At the beginning of the school year, my daughter told me that she hated going to youth group because she didn’t feel like she fit in. I didn’t lecture her or force her to go, I prayed with her and for her. Every day I prayed God would help her to feel comfortable, help her find her group of people. A few weeks later our church announced they were starting a small group for high schoolers, kind of an alternative to attending Wednesday night youth group. Becca hesitantly agreed to try it. I’ll never forget when she came out to the car after that first meeting. She was smiling from ear-to-ear. Instead of dozens of teens in attendance, there were six.
“So you liked it?” I asked.
”I loved it,” she said.
Prayer accomplished results I never could have on my own.
For over a year I’ve been praying that my husband would love me as Christ loves the church because that’s what the Bible says men should do and, well, I felt entitled to it. As I penned my prayer for my family yesterday, God told me I needed to pray for myself to love and respect him completely. I can still pray for my man to love me as Jesus loves the church, but I need to recognize my role in our relationship as well.
I encourage you as you write out your prayer for your family, that you think about each family member and where they’re at right now. What specific needs do they have? We become prayer warriors for our family when we recognized their needs as well as our inability to meet it. When we realize that prayer is not just about bringing the big stuff to God. Prayer is turning everything over to Him with the understanding that He is more than able to meet our needs.
If you don’t have a spouse or kids, pray for your future spouse. Pray for your parents, siblings, and other family members. I don’t know about you, but it’s my heart’s desire that my entire family would come to know Christ. I’ve been praying for them all (parents, brother, grandparents, aunts, uncles, cousins) by name since I was saved at fifteen. What a blessing it is to see God working in each of their lives.
“I urge you, for the sake of your family, take the fight into your prayer room rather than your living room.” (Shirer 92)
Who do you need to pray fervently for? What part of this chapter spoke to you? What verses do you need to claim for yourself or for loved ones? I encourage you to spend time forming prayers for your family. God is able, my friend, to do more than you can ever conceive. It’s time to start praying with the expectation to see His glory.
April 11, 2020
Strategy 3: Your Identity (Fervent Bible Study Blog # 4)
Since last night was Good Friday, we sat down together as a family to watch The Passion of the Christ. The movie opens with Jesus in the Garden of Gethsemane, praying fervently. A figure dressed in black, who you presume to be Satan, circles him. Jesus is crying out to His Father, tears rolling down his face. At one point when He is lying face down on the ground, Satan comes up to Him and whispers, “Who is your father?” Then he asks another question. “Who are you?”
“If I were your enemy, I’d devalue your strength and magnify your insecurities until they dominated how you see yourself, disabling and disarming you from fighting back, from being free, from being who God has created you to be. I’d work hard to ensure that you never realize what God has given you so you’ll doubt the power of God within you.” (Shirer 55)

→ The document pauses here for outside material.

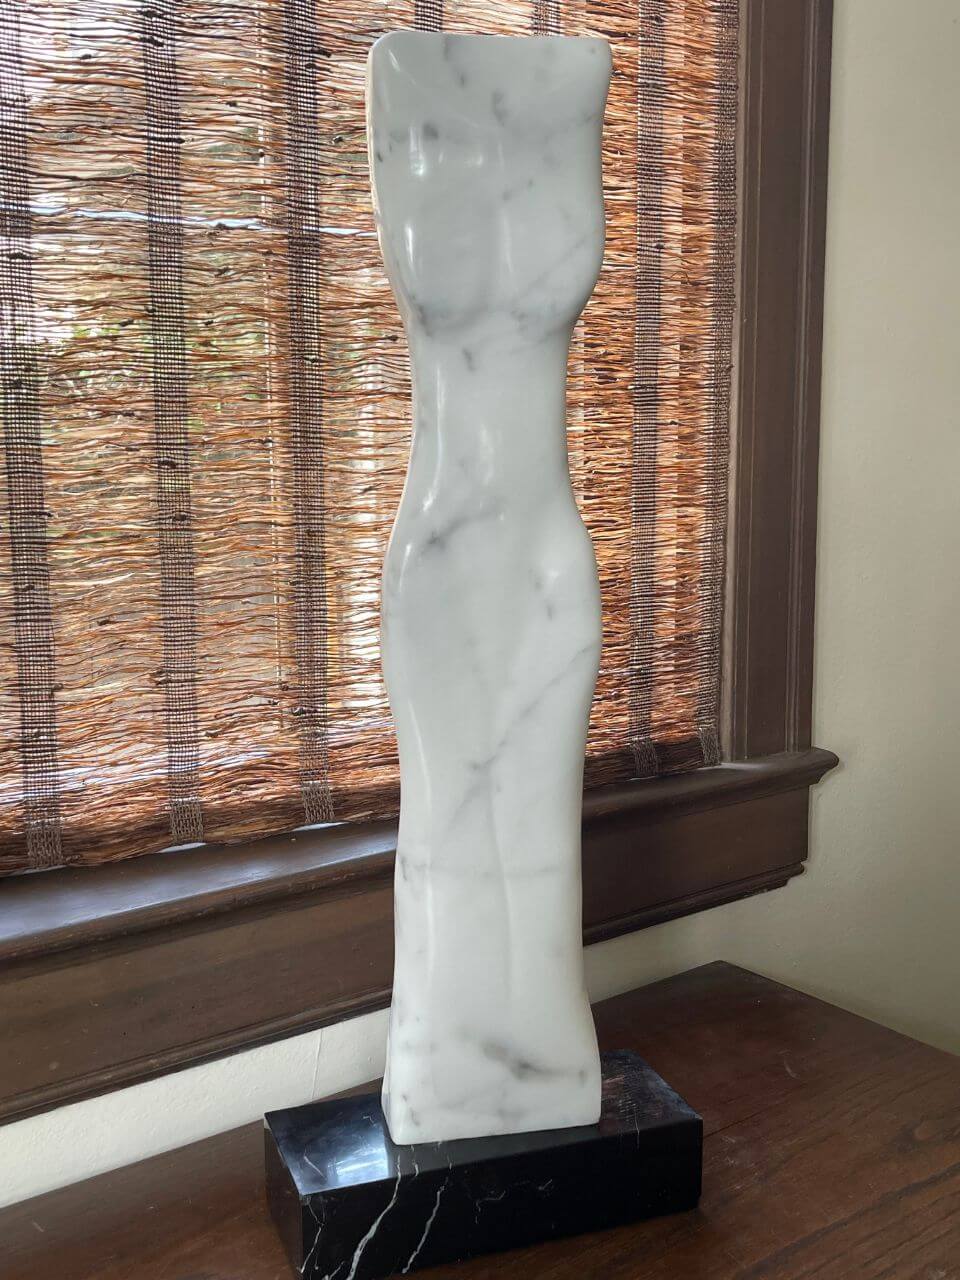 A tall marble nude

From the time we are kids our identity is being shaped by those around us. Both adults and kids chime in about who they think we are. Smart, dumb, good, bad, pretty, not-so-good-looking. Sometimes we are even told what career we should enter into. All of that sticks with us and forms us into the adults we are.
I published my first book in my twelfth year of teaching. It took me fifteen years to write and publish that first book. My second novel took nine months. The third? Six months. It was obvious to my husband and my kids that I had become an author, yet when I met people and they asked, “What do you do?” the answer was always the same. “I’m a teacher.” Yes, I was still teaching, but I wanted to be a full-time author. After years in the same profession, it was difficult for me to see myself as anything different.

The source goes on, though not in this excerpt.